I also liked the handling of the relationship between Robin and Cormoran. It is cool and professional - Robin spends the whole book on the point of finishing her temp position - and the obvious romantic rabbit hole is avoided by making Robin freshly engaged and Strike an emotional mess following his breakup. Obviously things will probably happen in later books - genre convention more or less demands it - but the subversion of the competent and logical male detective and his more emotional female assistant was pleasing.

It is a shame, therefore, about the fatal flaw. It would be too spoilery to discuss it, so suffice to say that Rowling breaks what I consider to be the first rule of whodunnit plotting and as a result the ending did not work for me. Still, the sleuthing that preceded it was more than pleasantly acceptable and Strike and Robin are characters with whom I would be happy to spend more time.

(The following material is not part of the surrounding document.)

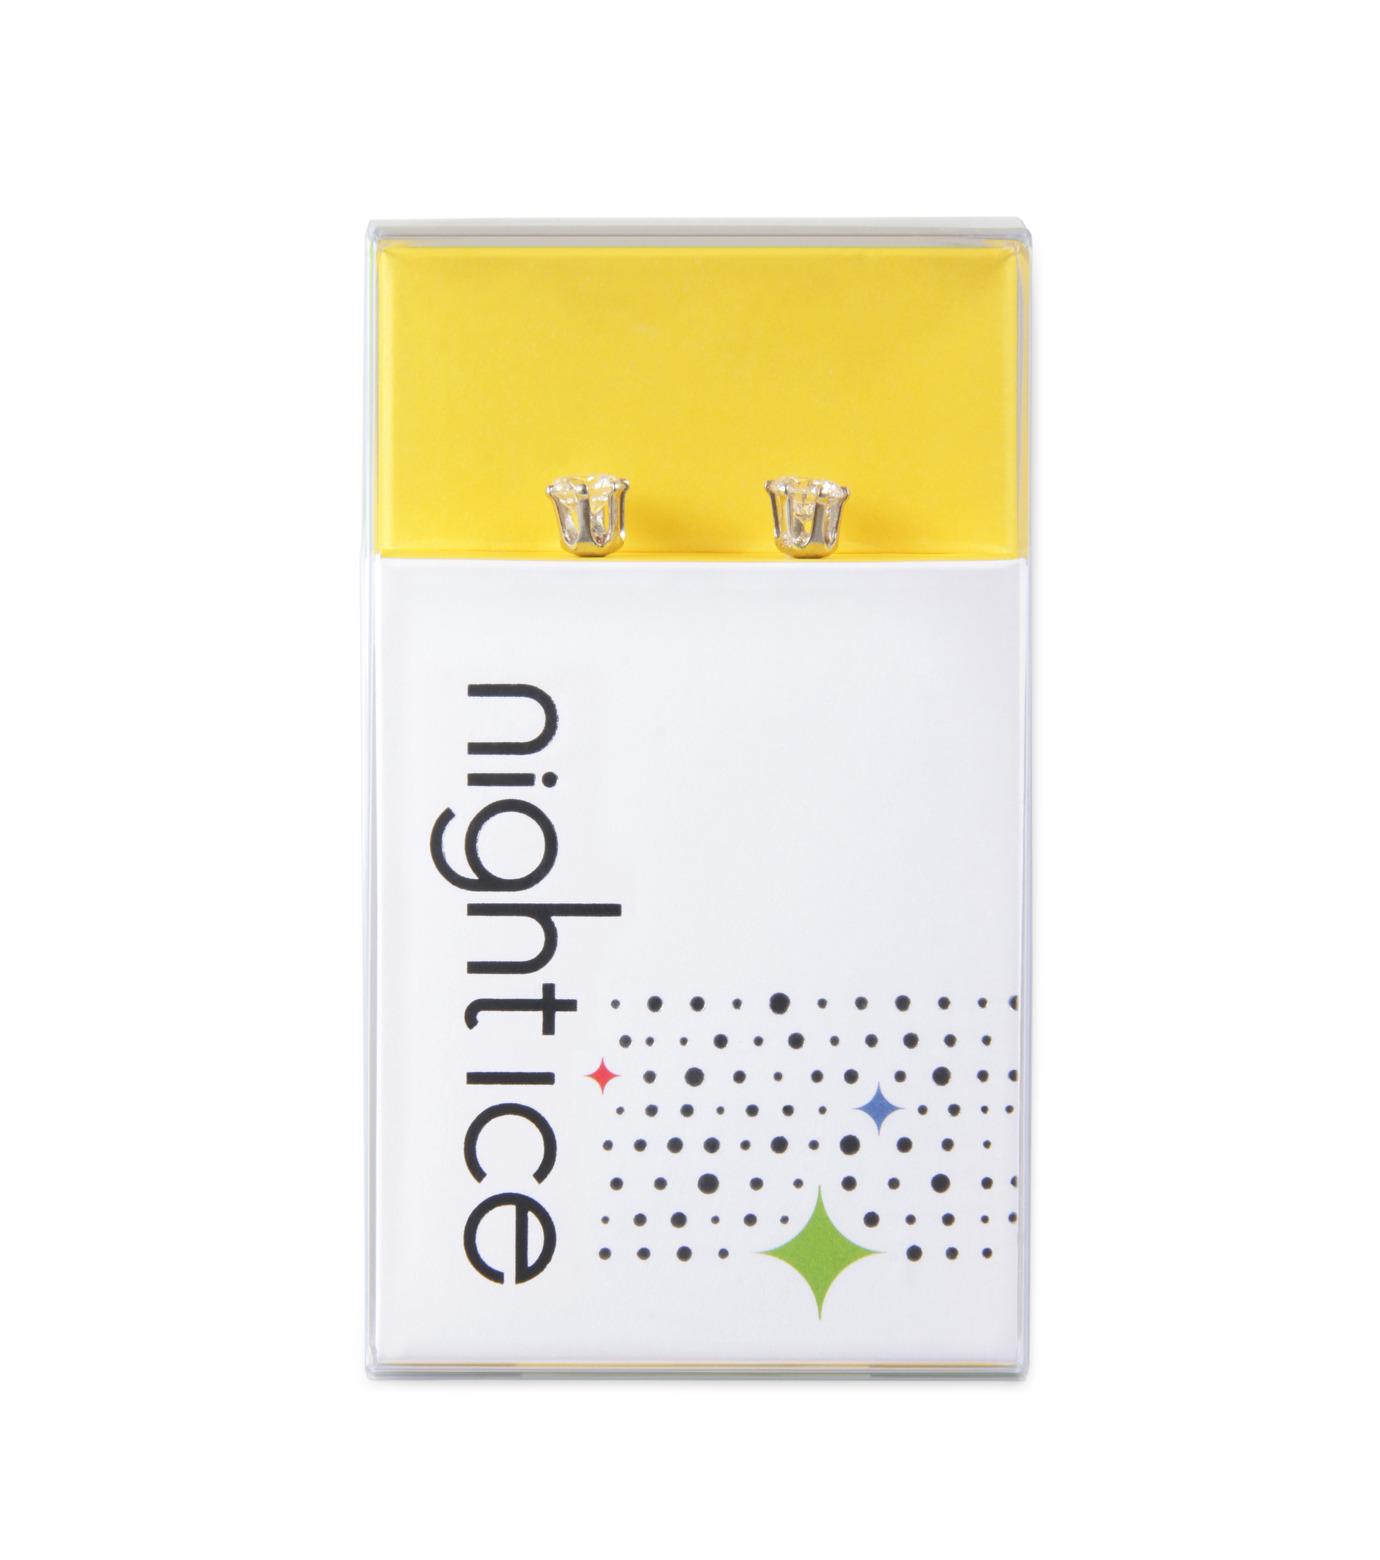 Night Ice(ナイトアイス)のOriginal Yellow-YELLOW(ガジェット/ライト/gadgets/light)-Original-32 拡大詳細画像1

She may not like it, but Rowling's undoubted talents really do seem to manifest most effectively within the constraints of genre fiction.

Date: 2015-04-08 04:45 pm (UTC)
From: [identity profile] ingaborg.livejournal.com
I'm now intrigued as to what you consider the first rule of whodunnits. I think I'd pick "the murderer should be somebody we know about", as Jane Austen pointed out in Northanger Abbey. ('Emma' shows what a totally outstanding detective writer Austen could have been).

The other possible first rule is that it should be possible for the reader to solve the murder - all the information should be there - and perhaps that encompasses the rule I put in above.